Tuesday, August 10, 2010

Speaks to Me Today

2 Cor 9:6-10:
Brothers and sisters:
Whoever sows sparingly will also reap sparingly,
and whoever sows bountifully will also reap bountifully.
Each must do as already determined, without sadness or compulsion,
for God loves a cheerful giver.
Moreover, God is able to make every grace abundant for you,
so that in all things, always having all you need,
you may have an abundance for every good work.
As it is written:
He scatters abroad, he gives to the poor;
his righteousness endures forever.
The one who supplies seed to the sower and bread for food
will supply and multiply your seed
and increase the harvest of your righteousness.

Jn 12:24-26:
Jesus said to his disciples:
“Amen, amen, I say to you,
unless a grain of wheat falls to the ground and dies,
it remains just a grain of wheat;
but if it dies, it produces much fruit.
Whoever loves his life loses it,
and whoever hates his life in this world
will preserve it for eternal life.
Whoever serves me must follow me,
and where I am, there also will my servant be.
The Father will honor whoever serves me.”

Encouragement comes from the promises in the first passage; acknowledgment of the truth arises from the second.

God is providing for us
AND
Our life has fallen into the ground and died.

We have all we need in this moment
AND
We lost our life, as we knew it, loved it and preferred it - life as a family of four.

There is an abundant harvest. This new life appears to be producing fruit, but it's not the fruit I was expecting to gather from my labor at the end of this growing season. I'm grateful for all that is given, but as the third year of living without Katie draws to a close, awareness of the pain of what is lost arises afresh.

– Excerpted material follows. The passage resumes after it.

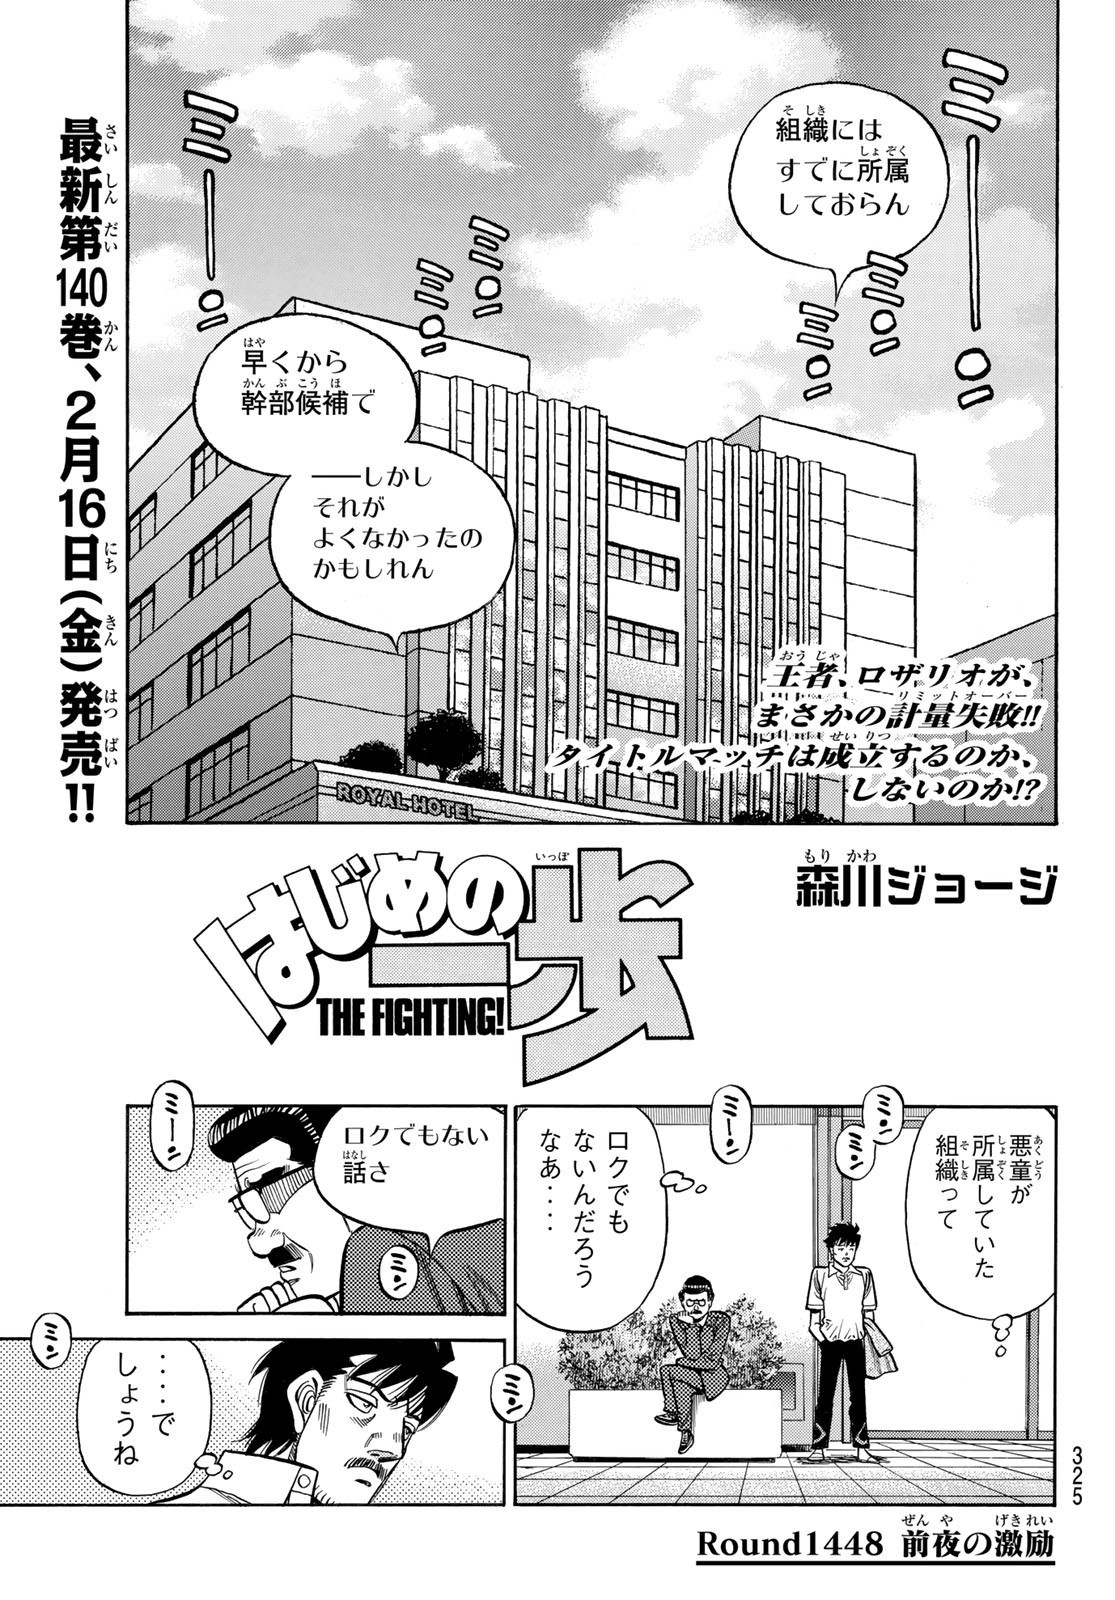 Hajime no Ippo - Chapter 1448 - Page 1
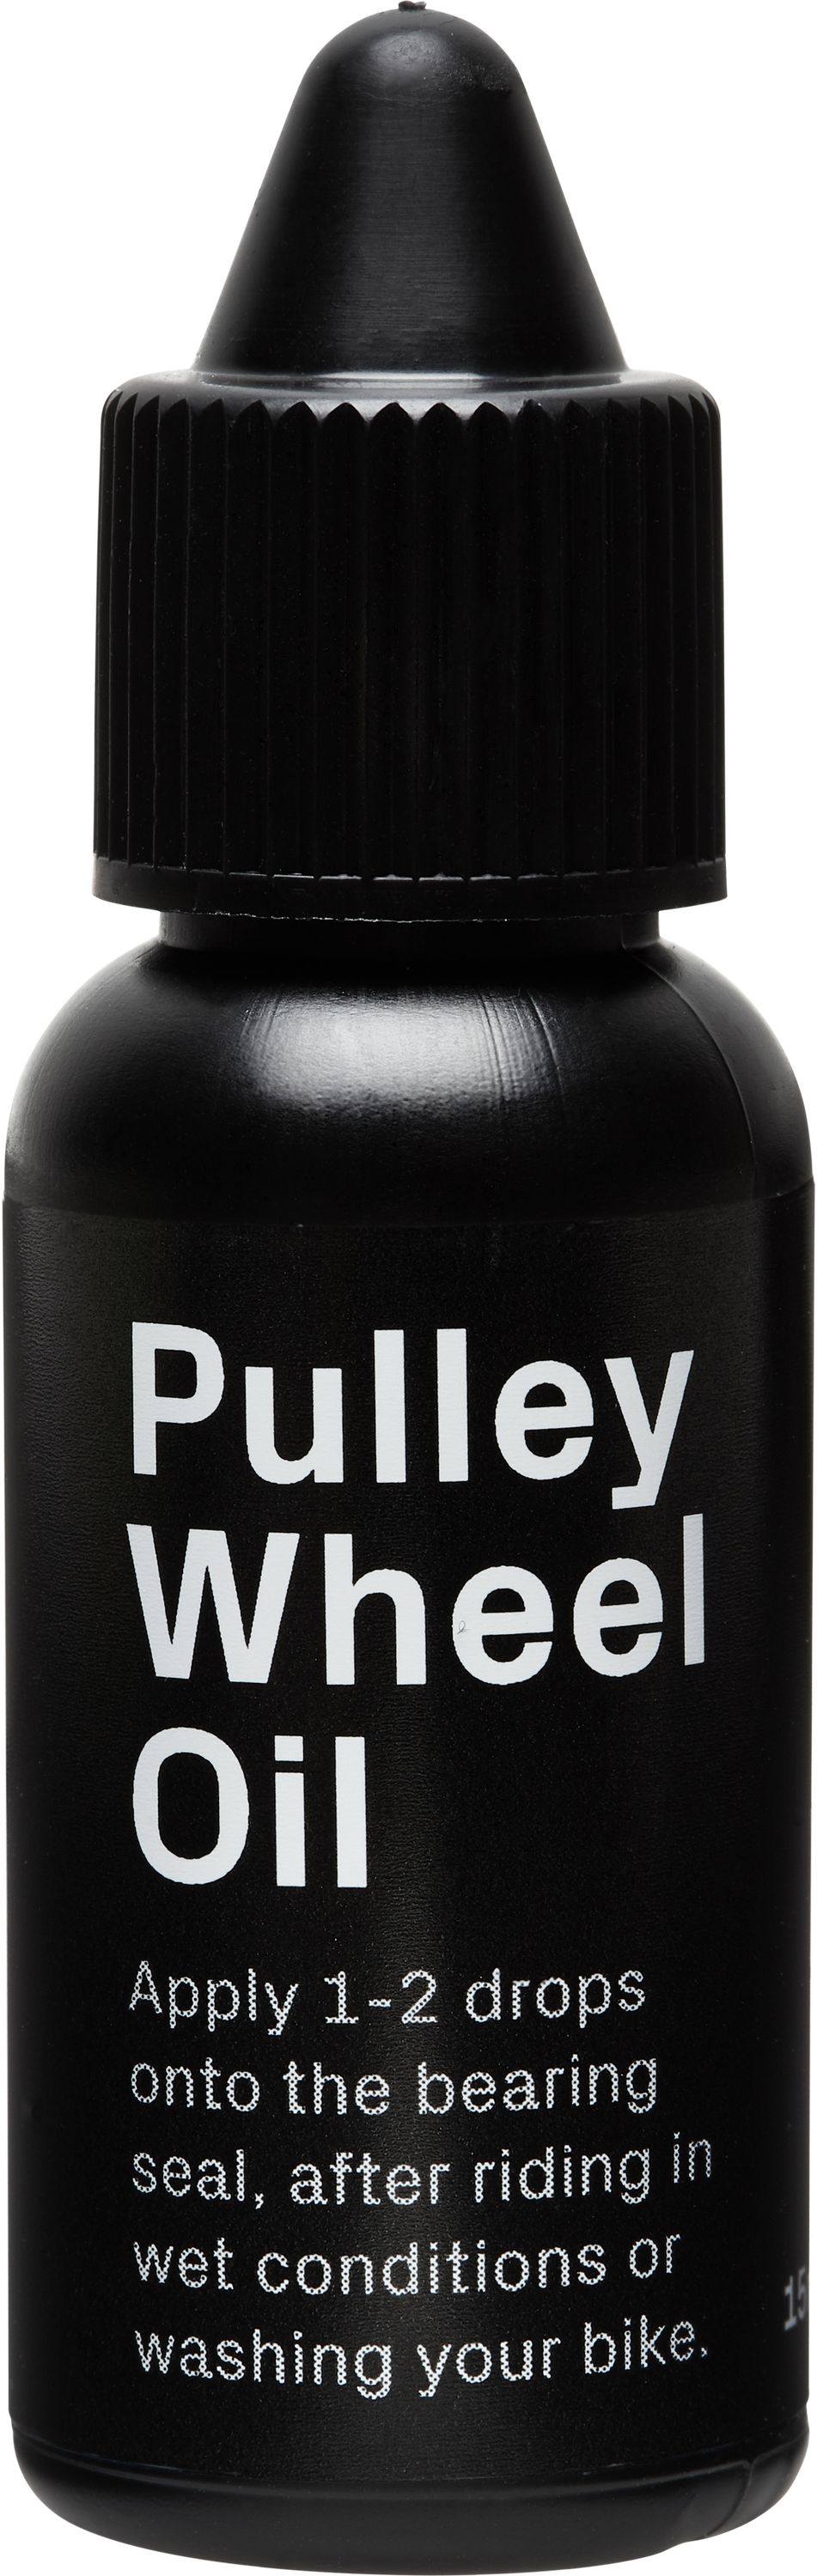 Oil for Pulley Wheel Bearings

I thought I would be moving into parenting an "only" child - the high school years with my daughter. We would have - all four of us - driven David to college, toured and experienced the orientation, celebrated with him, and driven home - as a threesome. I would have spent the next three years with my girl, as a stay-at-home mother, bonding, supporting, loving and launching her. But this grain of wheat has fallen into the ground and died.

I'm gathering sheaves of a different kind - of an empty nest, a broken heart, expectations changed, hopes fulfilled (David goes to college) and unfulfilled (no more Katie), dreams realized (David goes to college) and dreams dead (no more Katie). Celebrating David's new life with him, I am also warily considering my own new life. Gregg returns to his familiar job, but I cannot. I am faced with a new job now - what will it be? Part-time? Full-time? At home? In the city? Writing a book?

Some other fruit flourishes here: hope, worry, patience, frustration, joy, hurt, humility, confidence, humor, anger, understanding, mystery, resignation, gratitude, honesty.

Dear Lord, my life is not my own. It has fallen into the ground and died.
My life is Yours. I pray You will inhabit me fully, and enable me to use every talent You have given me, for Your purposes, Your Love and Your glory.

8 comments:

Elizabeth said...

I pray for this for you, too. Peace and blessings, strength and courage to you and your family, Karen. And love.

Pam said...

Amen. Praying for you as you work your way through the days ahead. Hugs. : )

Anonymous said...

Do you ever look at the beautiful water and want to just walk out into it and never return? Does it draw you in? How can you be so strong with so much sorrow in your life?

Karen said...

Dear Precious Karen,
Your words spoke to me today. I know this is a sad time--on a couple of levels. You are facing the sad anniversary of Katie's departure, with all its multiplied loss, and the additional loss of David getting ready to leave for college. The empty nest is a disorienting thing on its own, and causes a mom to really question her place in the world. I already had my empty nest when Joey left, but I do know the feeling of having the life I loved die before my eyes. I'm praying the Lord opens new doors for you to touch others with your love and wisdom.
If you are taking a poll, I vote for you to undertake the book. I think you write with so much emotion, I rarely leave your blog without tears running down my cheeks. Today is no exception.
Much love and prayers,
Karen

Unknown said...

I was thinking of you Karen.
We brought my oldest to her new school, further from home but a good transfer opportunity,
and tomorrow I take another daughter to her first year away at University. It will be so different with only two home. ( my son returns to his college at the end of the month).

Prayers sweet Karen. I hope you can continue to trust and find peace in however this plays out. Get to the other side of the seeing David transition and then give yourself some time.

Anonymous said...

What a thoughtful prayer. When I pray for you, I often don't know how to intercede because I can't imagine how to help, but I rely on the Holy Spirit to intercede in the best possible way. I will continue to do that as you live through David's final few weeks at home, and the beginning of your new "job", however that shapes up to be.

Karen B.

pysanki.blogspot.com said...

Beautiful photos and wonderful passages. How wonderful and exciting for David to be off to school (is it really that time already?). I can only imagine how hard it would be to be an empty nester before your time. Praying for you and sending hugs.

AnnDeO said...

Thinking of you this time of the year. You are in my prayers.